In seguito… errasse: la legge va qui a contrapporsi, in Crizia, alla natura; il νόμος (nòmos, una delle traduzioni possibili è “legge”) interviene a regolare i rapporti tra gli uomini ed a distribuire punizioni e premi secondo necessità. La giustizia, dunque, considera tutti alla pari e ritiene che l’insolenza (ύβρις, la cui traslitterazione è hybris) vada punita.
L’invenzione degli dèi secondo Crizia
Queste prime righe preparano il terreno all’argomentazione di Crizia secondo cui gli dèi non sarebbero altro che una creazione umana; vediamo in che termini:
Quindi, poiché le leggi impedivano loro di commettere delitti palesi con violenza, ma occultamente agivano, allora io credo che per la prima volta un uomo astuto e saggio nella mente inventò per gli uomini il terrore <degli dèi>, perché i tristi [i malvagi, NdR] temessero anche per ciò che in modo occulto compissero o dicessero o pensassero. Quindi introdusse il divino (…) che con forza percettiva ode e vede, attuando una volontà e reggendo il tutto, avendo perennemente in sé natura divina: questa forza demoniaca udrà quanto fra gli uomini si dice e vedere potrà ogni loro azione. Se mala impresa tu mediti in silenzio, non sfuggirà agli dèi, perché capacità percettiva <sta negli dèi>. [2]

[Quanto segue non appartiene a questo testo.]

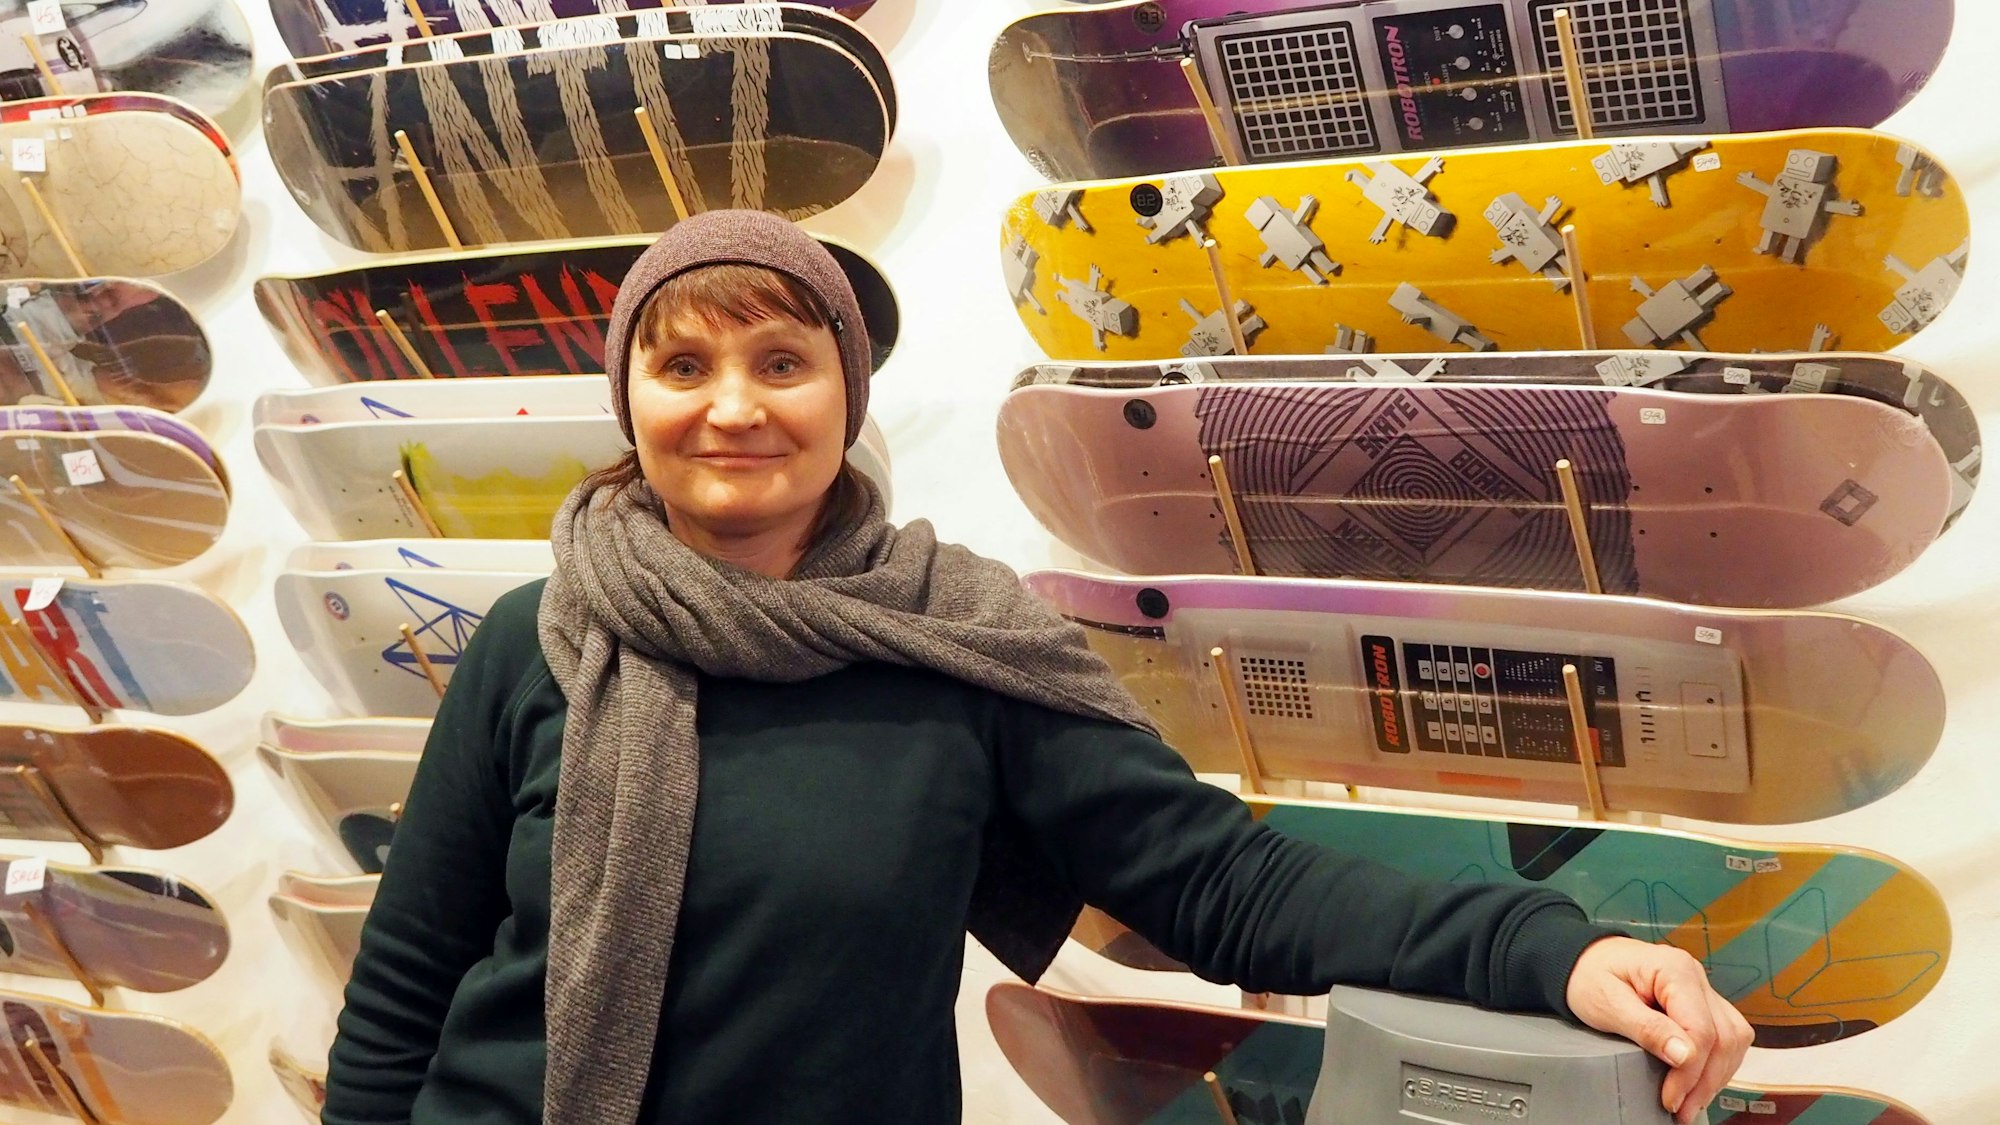 Eine Frau in Pulli, Schal und Mütze steht vor einer Wand, an der Skateboards in vielen Designs hängen.

Perché gli uomini rispettano la legge solo pubblicamente? O, meglio, quando sanno di essere osservati? Perché, invece, in privato trasgrediscono? Seguite il ragionamento. Se esiste uno stato di natura primigenio ed originale, dove la legge non esiste, allora suddetta legge è una creazione umana che, ovviamente, non esisteva prima di venir creata; può sembrare una banalità ma così non è in quanto, accettando il postulato di Crizia, l’uomo, secondo la propria natura, non è portato a comportarsi onestamente e saggiamente nei confronti degli altri ma tenderà sempre a voler prevaricare, a voler ottenere con la forza quanto desidera.
Grave affermazione questa, probabilmente specchio del tempo caotico e critico in cui operava e agiva il Nostro; la domanda, però, sorge spontanea: noi agiamo rettamente per paura di una punizione o per rispetto verso gli altri e verso ciò che è giusto per il bene della comunità? Sono sicuro che, cominciando a porre questa domanda in stile Socrate alle persone, ci sentiremmo rispondere che, certo, si agisce bene perché è “moralmente giusto“, perché “bisogna rispettare gli altri“; ma è così per tutti? Proseguiamo, che è meglio.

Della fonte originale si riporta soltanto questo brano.